L’ultimo decennio è stato caratterizzato da abbondanza e comodità nella fruizione musicale. La musica è arrivata sugli smartphone, nelle playlist automatiche, nei video brevi sui social. Sempre più spesso gli artisti vengono scoperti attraverso suggerimenti degli algoritmi, classifiche personalizzate e clip di pochi secondi. Se per i consumatori questo ha significato un accesso immediato e ampio alle canzoni, per gli artisti è stato un danno: oggi è più facile pubblicare, molto più difficile riuscire a emergere.

Per l’industria musicale globale, invece, è stato un decennio d’oro: crescita economica costante e ricavi ai massimi storici. Eppure, sotto la superficie, il sistema appare sempre più scricchiolante. “Da anni il modello di business della piattaforma di streaming Spotify è estesamente criticato tra musicisti e addetti ai lavori per i bassi compensi che garantisce agli artisti, nell’ordine dei millesimi di euro per ogni ascolto”, raccontava qualche mese fa il Post.

Il paradosso Spotify

A fine gennaio Spotify ha fatto sapere di aver pagato oltre 11 miliardi di dollari di royalty nel 2025, record storico. Secondo il gigante dello streaming, questa cifra rappresenta circa il 30% dell'intero fatturato dell'industria discografica. Ma ciò non significa che quegli 11 miliardi siano finiti nelle tasche dei musicisti. Anzi. Come spiega The Verge, il sistema è fatto di una torta fissa: più musica viene caricata sulle piattaforme, meno vale ogni singolo ascolto (perché si perde nell’offerta più che abbondante). Per questo motivo gli artisti sotto i mille stream all’anno non ricevono alcun pagamento, e il risultato è che pochissimi generano la maggioranza dei ricavi, mentre gli altri (emergenti, band indipendenti, Dj e producer poco noti) restano ai margini. Secondo diverse inchieste, riportate sempre dal Post, anche l’accesso alle playlist di Spotify resta poco trasparente: alcuni strumenti promozionali della piattaforma favorirebbero chi accetta condizioni economiche meno vantaggiose in cambio di maggiore esposizione.

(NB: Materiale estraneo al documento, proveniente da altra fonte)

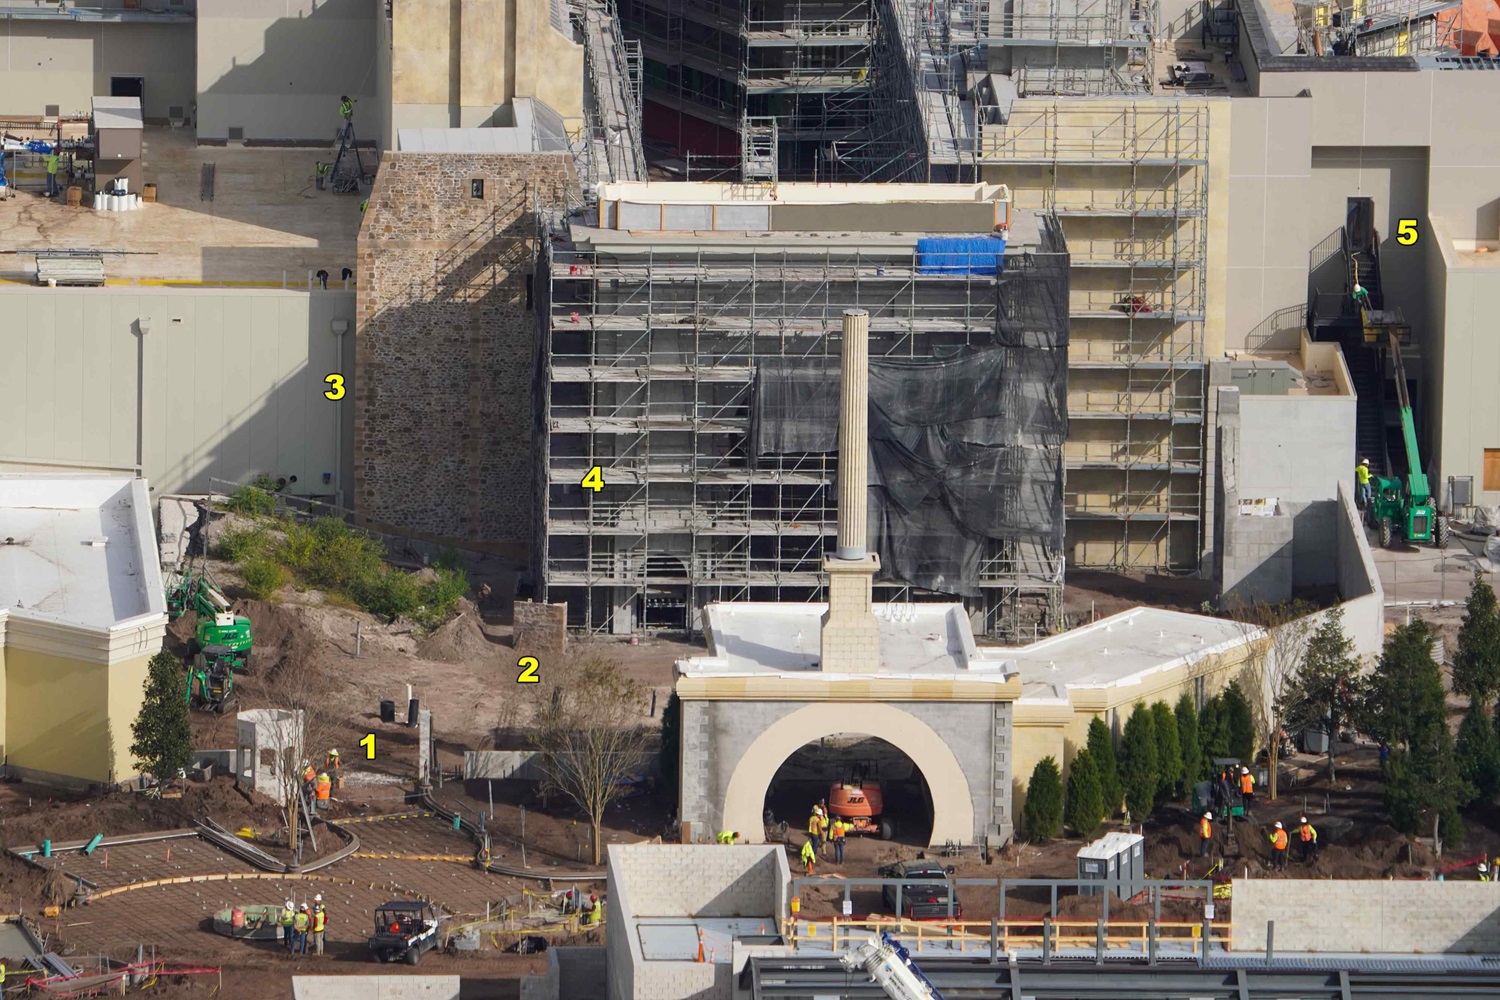 Epic Universe’s Porte Saint-Denis arch behind scaffolding behind the entrance tunnel (Source: Orlando Park Stop)

Questo si traduce in un danno economico, ma prima ancora di visibilità. Il web è inondato di lamentele contro l’industria musicale. “Spero che qualcosa cambi, perché per noi musicisti indipendenti il modo in cui funziona l'industria adesso è così triste”, si sfoga un’artista su Reddit. “Una volta, quando vendevi i tuoi CD o cassette, forse era meglio, perché interagivi più direttamente col tuo pubblico. Adesso tutto sembra così distante e irreale”. E un altro osserva: “Negli anni '90, quando vendevo cassette tramite una mailing list, negozi e fanzine, la nostra band riusciva a ottenere concerti, creare contatti e guadagnare molti più soldi. L'era dello streaming permette alle persone di ascoltare più facilmente, ma la connessione con il pubblico non è la stessa, a meno che non si prendano la briga di seguire i miei social”.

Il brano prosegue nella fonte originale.